Phasenübergänge manipulieren
Die neue Studie ist ein weiterer Erfolg in der Erforschung von künstlichem Spin-Eis, welches die Gruppe von Laura Heyderman seit mehr als einem Jahrzehnt untersucht. «Das Grossartige an diesen Materialien ist, dass wir sie massschneidern können und direkt sehen, was in ihnen passiert», sagt die Physikerin. «Wir können alle möglichen faszinierenden Verhaltensweisen beobachten, darunter die Phasenübergänge und Ordnungen, die vom Layout der Nanomagnete abhängen. Dies ist bei Spin-Systemen in herkömmlichen Kristallen nicht möglich.»

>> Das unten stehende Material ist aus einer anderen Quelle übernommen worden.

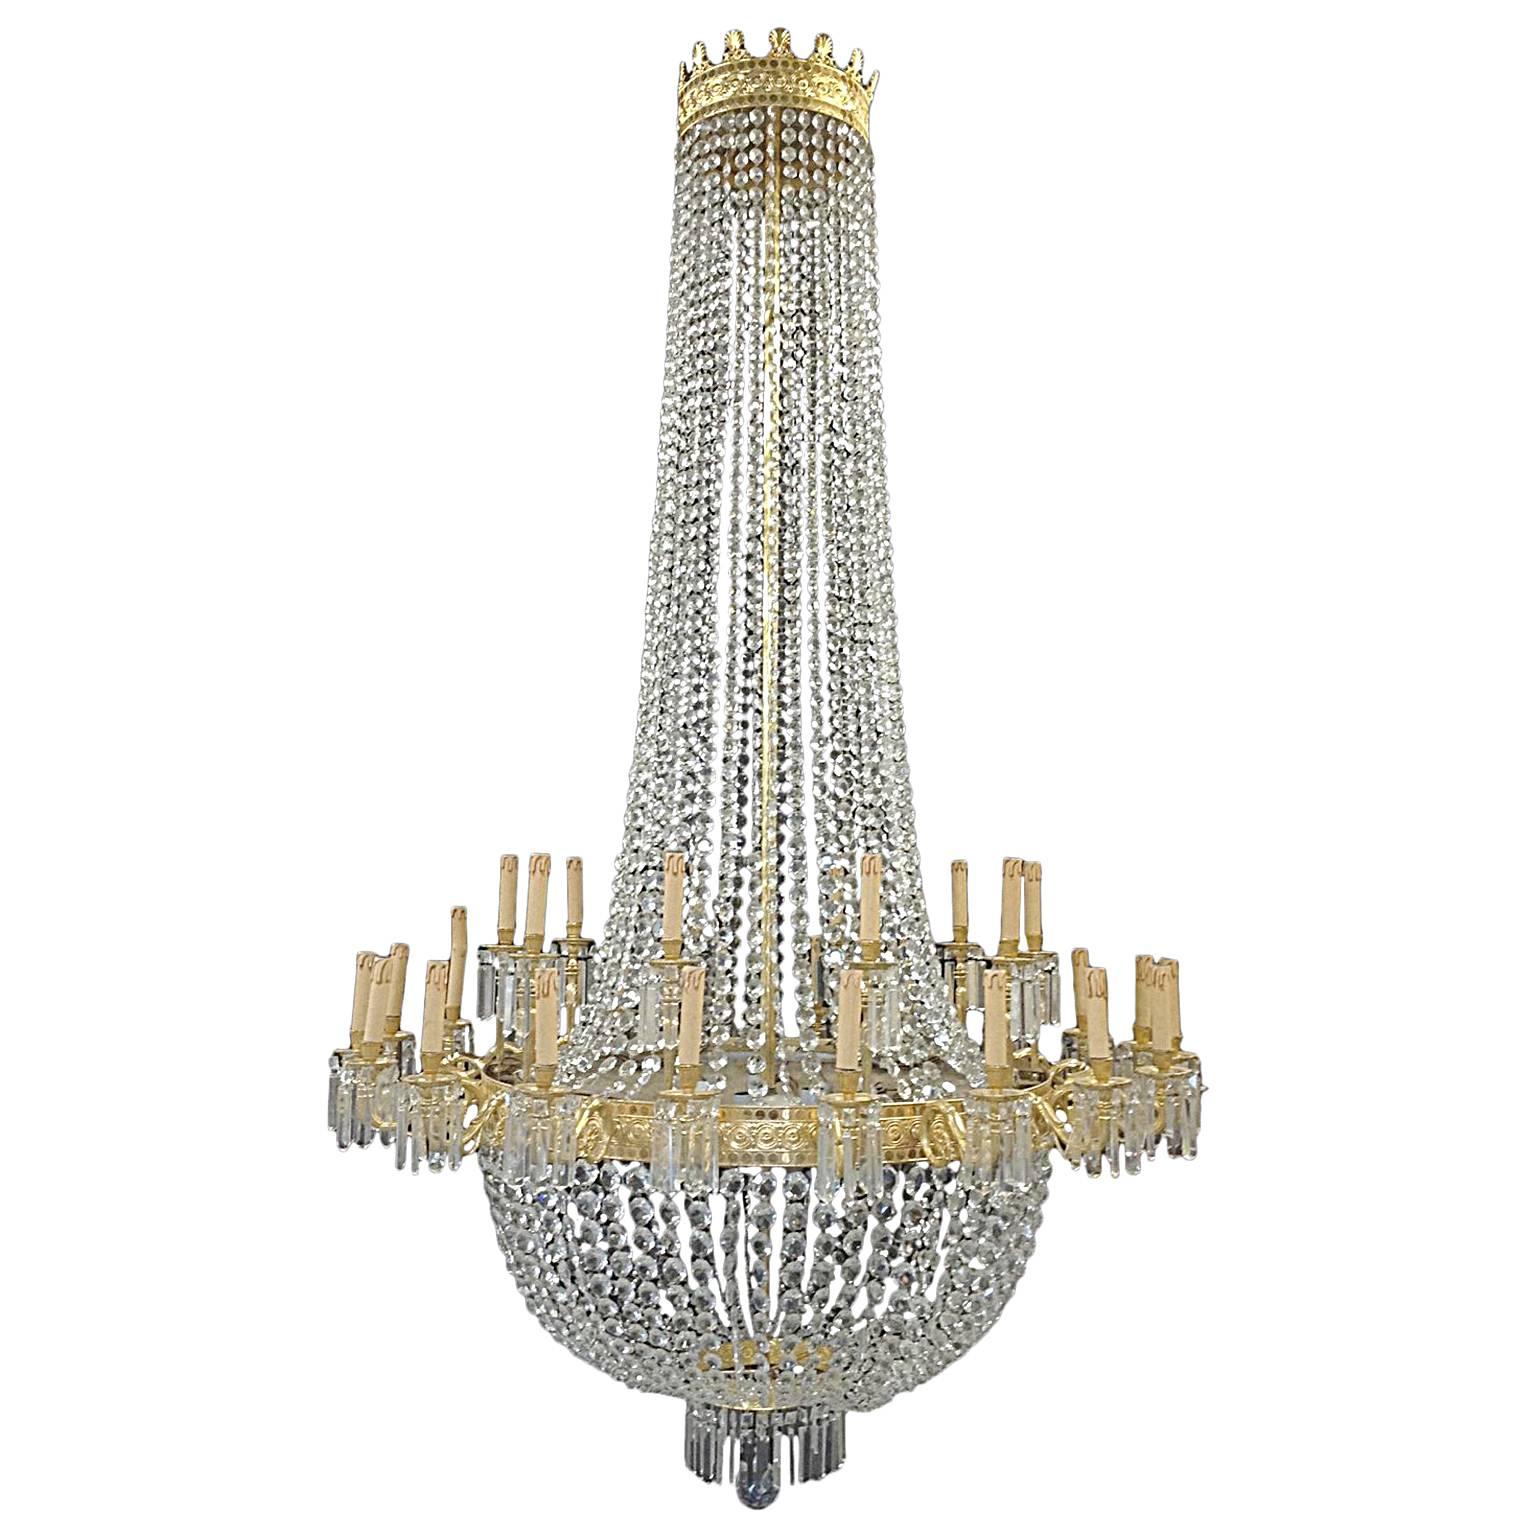 Imposing 10 Foot High Empire Style 30-Light Gilt Bronze Basket Chandelier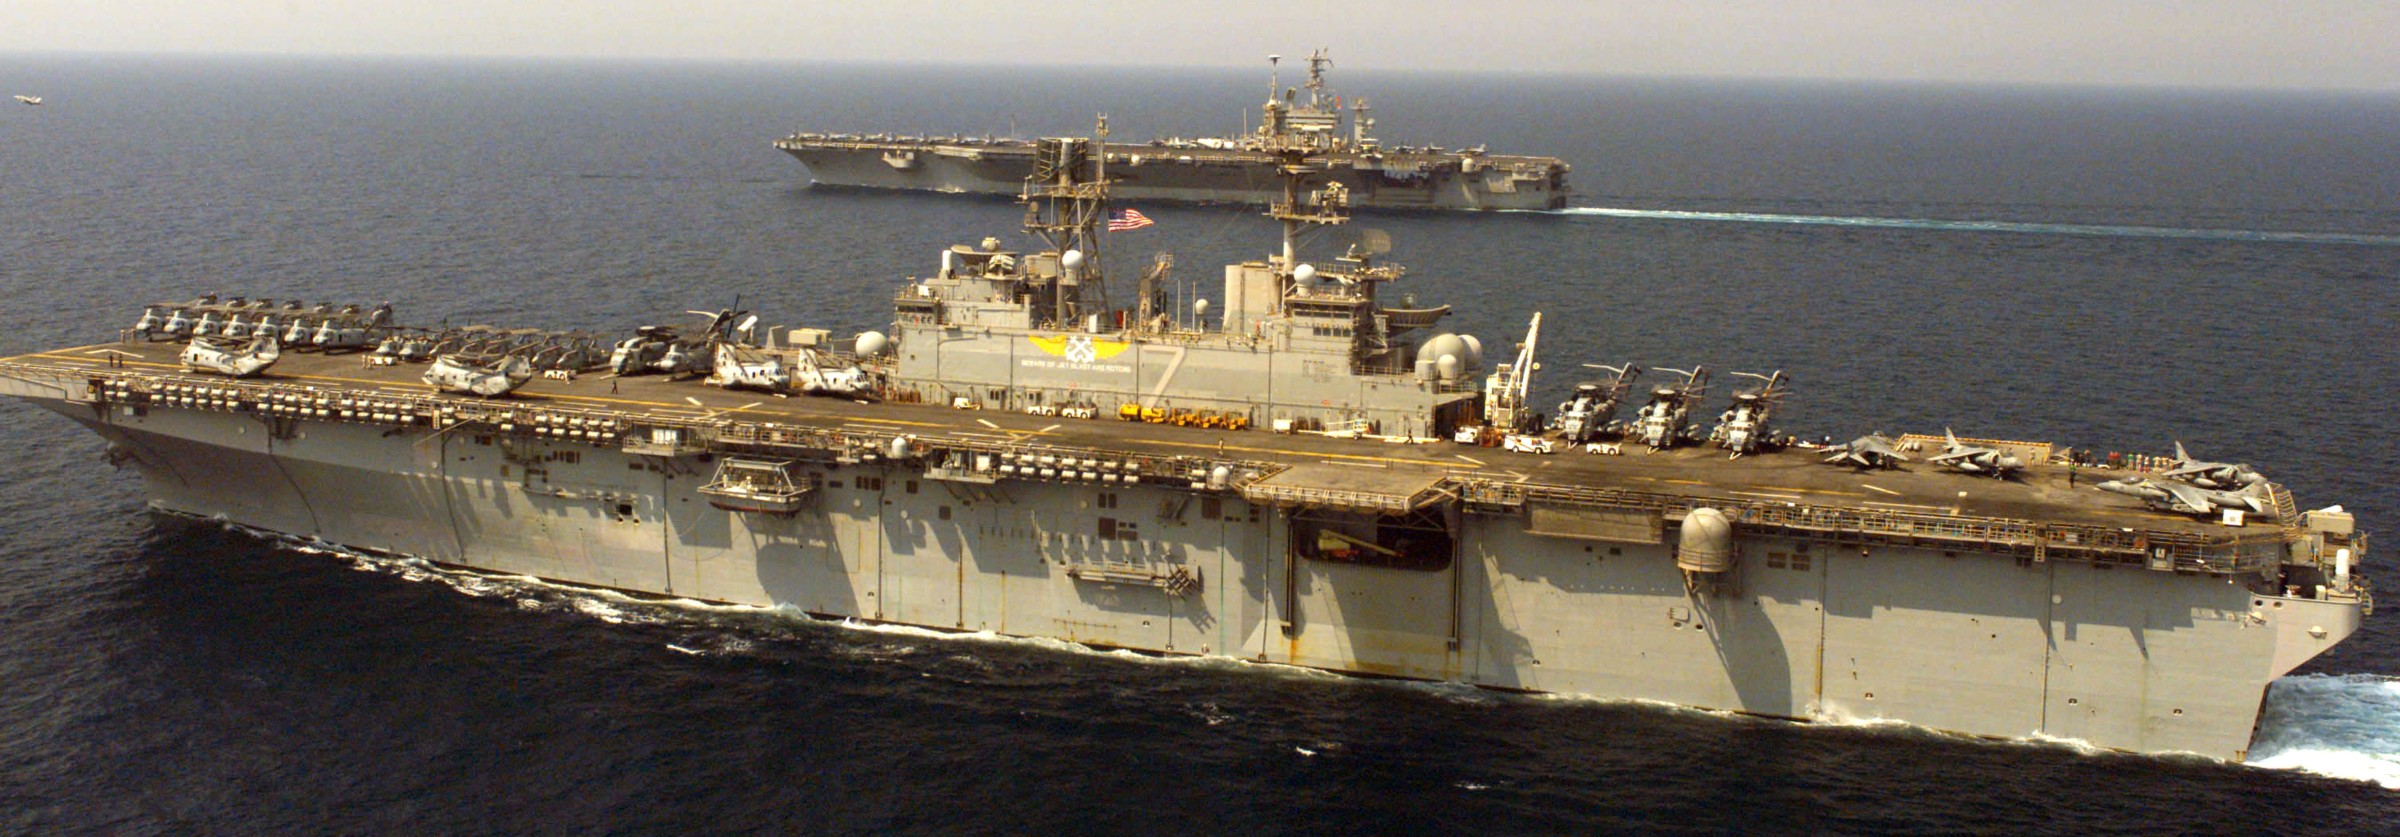 lhd-7 uss iwo jima wasp class amphibious assault ship dock landing helicopter us navy hmm-264 marines arabian gulf 2003 13

Obwohl diese Untersuchungen zurzeit noch reine Grundlagenforschung sind, denken die Forschenden bereits an mögliche Anwendungen.
Die Kontrolle von verschiedenen magnetischen Phasen könnte für neuartige Arten der Datenverarbeitung interessant sein. Am PSI und anderswo wird untersucht, wie die Komplexität von künstlichem Spin-Eis für neuartige Hochgeschwindigkeitsrechner mit geringem Stromverbrauch genutzt werden könnte. «Dabei orientiert man sich an der Informationsverarbeitung im Gehirn und macht sich zunutze, wie das künstliche Spin-Eis auf einen Reiz wie ein Magnetfeld oder elektrischen Strom reagiert», erklärt Heyderman.